The conference started with pre-conference tutorials, where the first one was on “B2B Application Security Testing” by Tarun Banga, Sr. QE Manager, Adobe Systems . Though the topic may not convey it fully, the actual premise of discussion was Threat Modeling and Web Application Security. The first part of the session was on threat modeling and worked out well in terms of discussion of the topic in detail with a hands-on exercise. The second half could not be completed. Reasons? Probably too much content for a 3 hr tutorial or catering to a range of audience or attending to a couple of participants at the sake of majority of participants. Positives? An open-minded presenter who was not hurrying through the contents.


Second was our session on “Fuzzing – Ensuring Software Security though Automated Data Corruption” (I was joined by Senthilvel, an expert in testing AV solutions, working as Sr Project Lead at McAfee).  It wouldn’t be apt for me to comment on the quality of our session as such. We had some lessons learnt being a part of the first session. We tailored our talk as per the audience. We finished the presentation on dot with a very positive feedback (formal feedback yet to be got). Negatives? I felt a little redundancy at some points. We need to be better organized in terms of content allocation. Positives? A technical session for an audience yearning for some good technical inputs rather than discussion about what they can easily find on web.

17 April, 2009: Conference

The topic for second day can be summarized as Web Application Security and if we consider the Panel discussion, the importance of Security Standards. It needed either a change in the theme of conference or selection of papers.

With a welcome note by  Rajesh Bharathan and keynote address by Shyamal Ghosh, the conference started on a very good note. The focus of both was every person’s alter ego on web and related security. They also addressed the nature of recent threats and the growing intent of financial gains on part of hackers.

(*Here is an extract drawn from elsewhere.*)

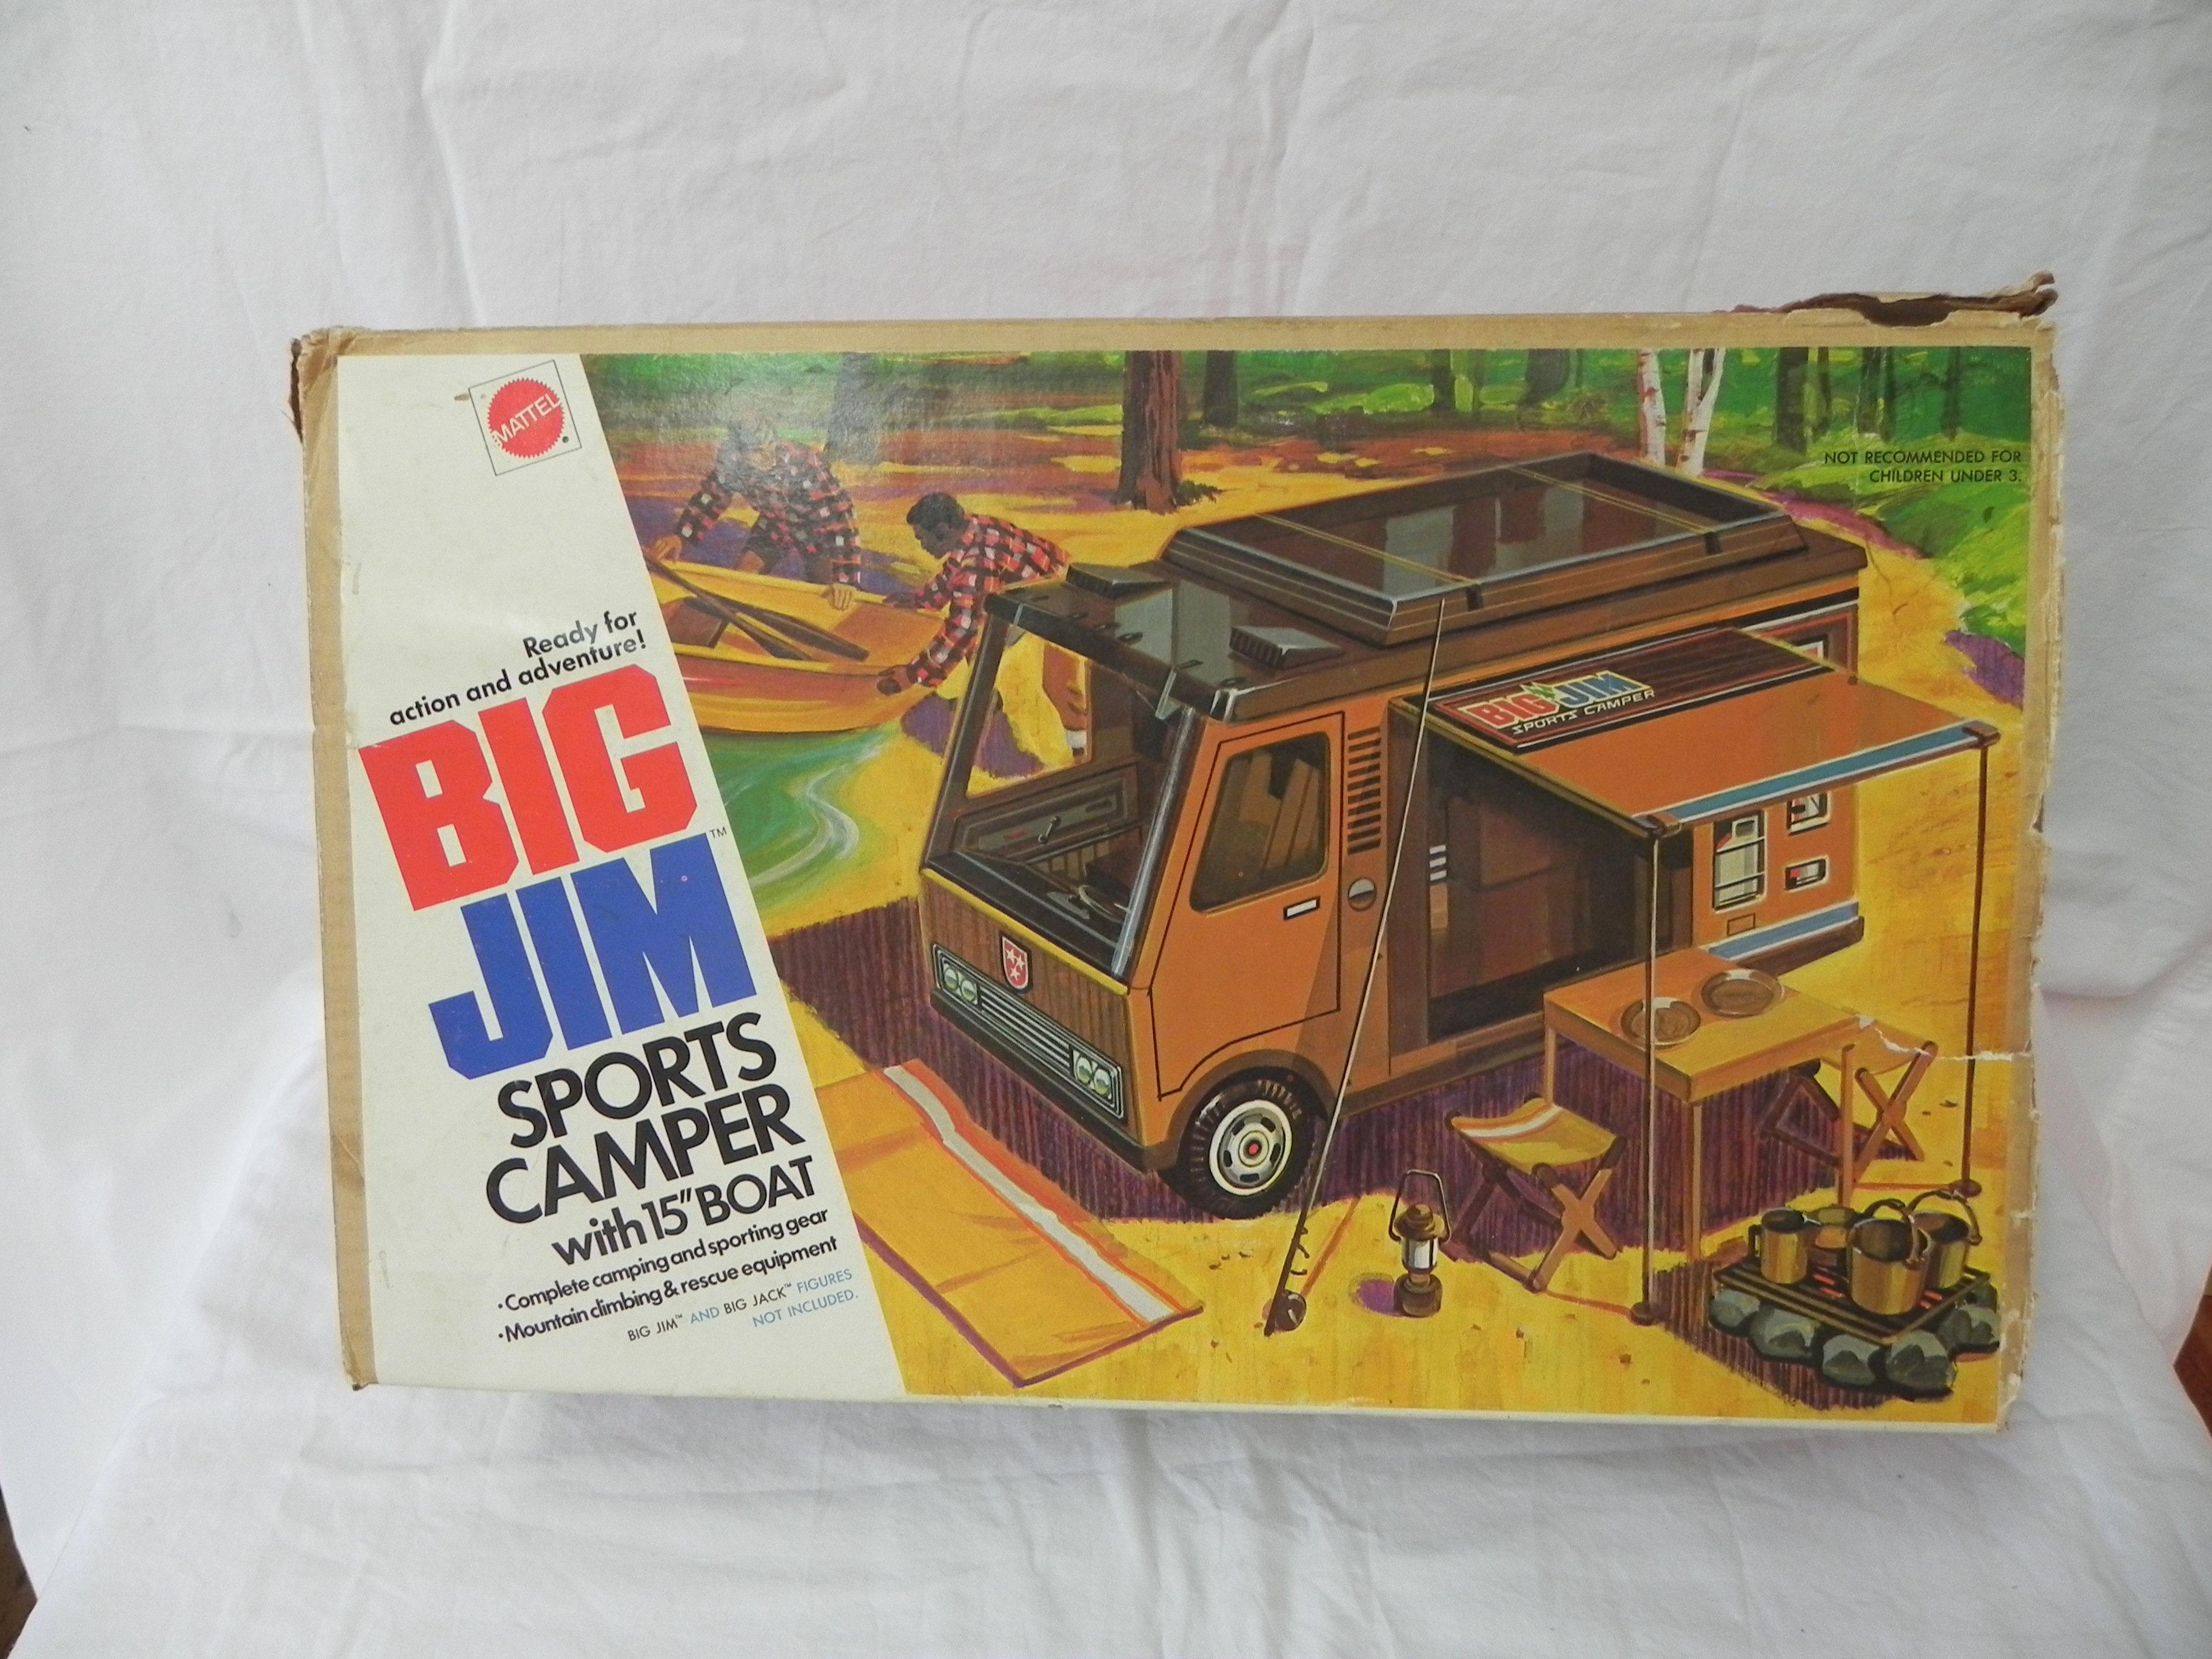 Mattel “Big Jim” Sports Camper

This was followed by a series of papers, out of which the ones which I found of good quality were “Application Layer (Layer 7) attacks“, mostly because of its energetic presenter Sameer J. Ratolikar, “Application Security – Need to Change the Mindset” by Dr. Pramod Damle because of the intuitive presentation and analogies, “Techniques in Web Service Security Assessment” by Umesh Chandak for the technical quotient (although the presenter needs serious work on presentation skills) and more than all mentioned so far, “Incidents in a Web Driven World” by Arvind Doraiswamy (Paladion Networks) for a presentation most effective for a security testing conference from all angles.


The Panel Discussion was on the topic – “Significance of Security Standards for Information Security” with some of the most intelligent minds in the industry. Outcome? I am not sure about others. For me, it did not work. It was not at all an appropriate topic for security testing conference. The same set of people could have enlightened the audience on a topic relevant to security testing.

What Worked for me?

What Didn’t Work for me?

Quotable Quotes

“Probability of life is 0. Probability of death is 1. We still live for an average of 65 years, consuming viruses, worms everyday. Software systems should be like us.” – Dr. Asoke Talukder, Corporate Adviser, Saharanext

Conclusion

Overall, QSIT has done a good job in starting a 2-day theme conference focused on security testing. I look forward to a more fulfilling conference from them, with the understanding that there were some lessons learnt.